E’ quanto fanno la donna “forte” di cui parla il libro dei Proverbi nella prima lettura (Prv 31,10-13.19-20.30-31) e i due servi della parabola nel vangelo (Mt 25,14-30).

La donna forte e intraprendente crea relazioni buone, positive, con il proprio sposo (“Gli dà felicità, e non dispiacere per tutti i giorni della sua vita”), di cui gode fiducia (“in lei confida il cuore del marito”); con il misero, il povero (“apre le sue palme al misero, stende la mano al povero”); con i suoi concittadini (“le sue opere la lodino alle porte della città”).

Il testo biblico ci rivela che all’origine dell’intraprendenza della donna non sta tanto la fiducia in se stessa, nelle proprie risorse femminili, ma in Dio (“illusorio il fascino e fugace la bellezza, ma la donna che teme Dio è da lodare”).

Anche i due servi della parabola evangelica sono operosi: non perdono tempo nell’impiegare i talenti ricevuti (“Subito colui che aveva ricevuto i cinque talenti andò ad impiegarli… Così anche quello che ne aveva ricevuti due”).
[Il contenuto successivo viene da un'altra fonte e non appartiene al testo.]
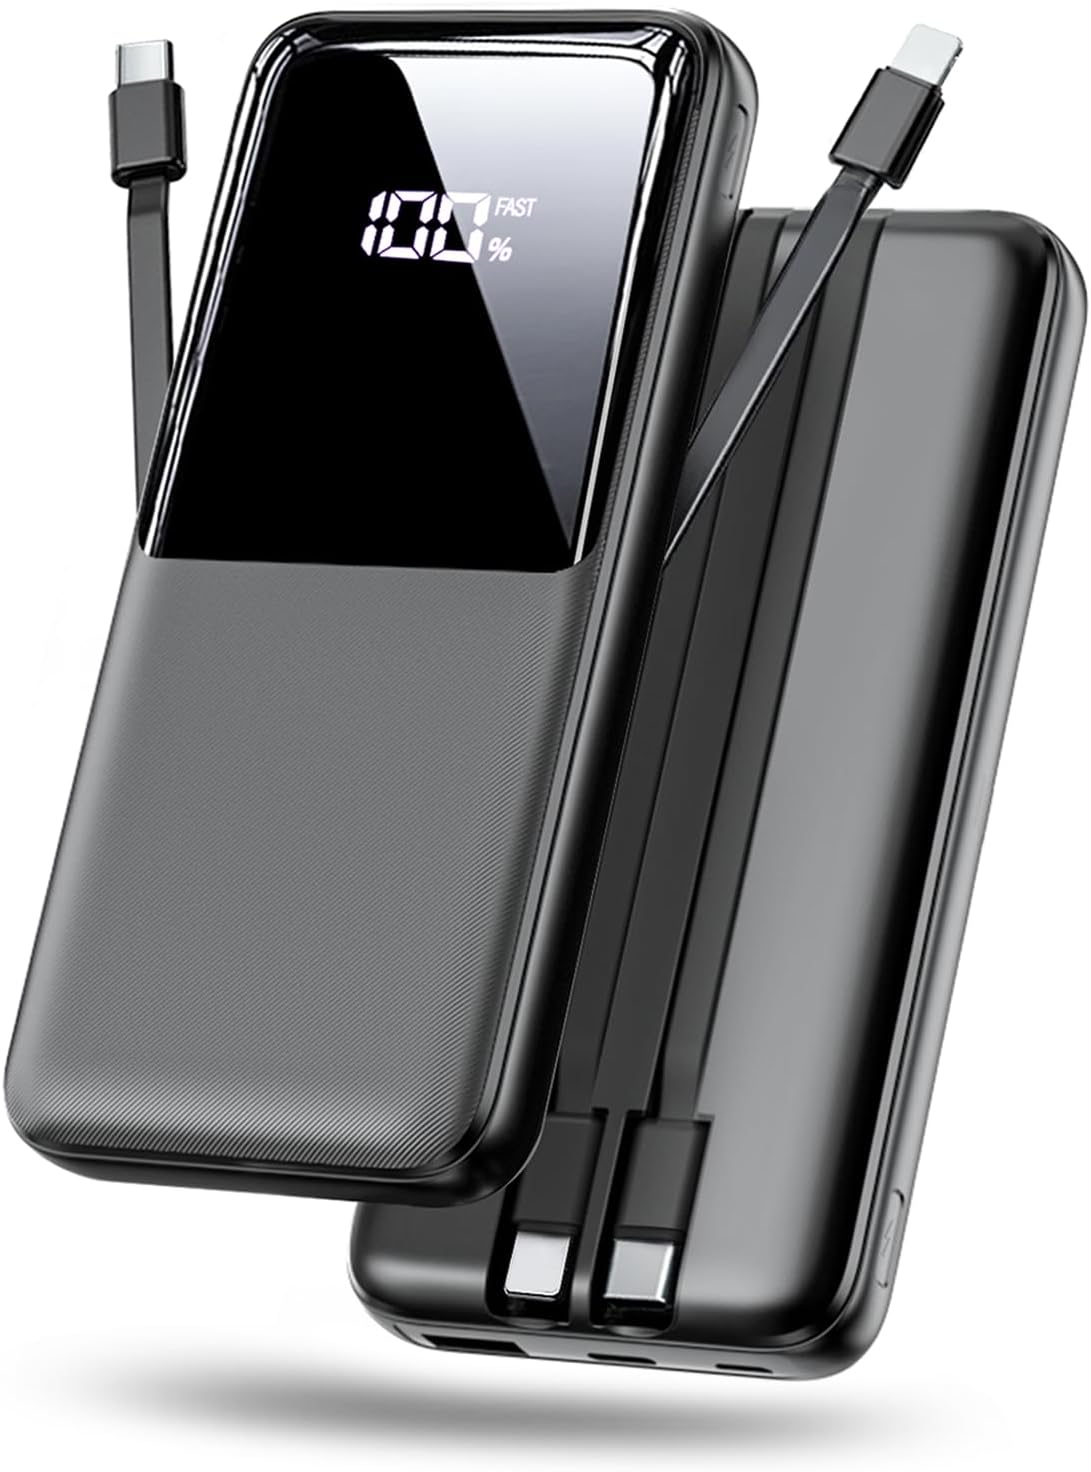 Portable Charger Power Bank-The Best Gifts For Travelers

L’esito positivo della loro azione è apprezzato dal padrone (“Bene, servo buono e fedele”).          Nell’apprezzamento del padrone emerge la ragione della loro operosità: la fiducia che hanno percepito da parte del loro padrone ha prevalso sul possibile sospetto di sfiducia alimentato dal “poco” che avevano ricevuto (“sei stato fedele nel poco”, riconosce il padrone a entrambi i servi) e ha disattivato l’eventuale timore di un’eventuale provocazione da parte del padrone (mettiamoli alla prova).

Il terzo servo, invece, non intraprende nessuna azione, se non quella di mettere al sicuro il talento ricevuto (“andò a fare una buca nel terreno e vi nascose il denaro del suo padrone”). Sarà lui stesso a spiegare le ragioni di questo comportamento: non ha avuto fiducia, ma paura del padrone («per paura…»), perché lo considera “un uomo duro” e prevaricatore (“mieti dove non hai seminato e raccogli dove non hai sparso”). Per questo ha rinunciato a ogni iniziativa («sono andato a nascondere il tuo talento sotterra»).

La reazione del padrone è dura nei toni (“Servo malvagio e pigro”) e nelle conseguenze (“Toglietegli il talento… gettatelo fuori nelle tenebre”).

I talenti che Dio ci affida sono “i beni della creazione (la natura con tutte le sue risorse, la vita con tutti i suoi beni e le possibilità di bene per noi e per gli altri) e della sua grazia (il suo amore fedele, garanzia sicura di un futuro promettente e solido fondamento per la nostra speranza)”. Il Signore attende che quanto ci ha affidato “moltiplichi i frutti della sua provvidenza”, “secondo la capacità di ciascuno di noi”, non sia sprecato.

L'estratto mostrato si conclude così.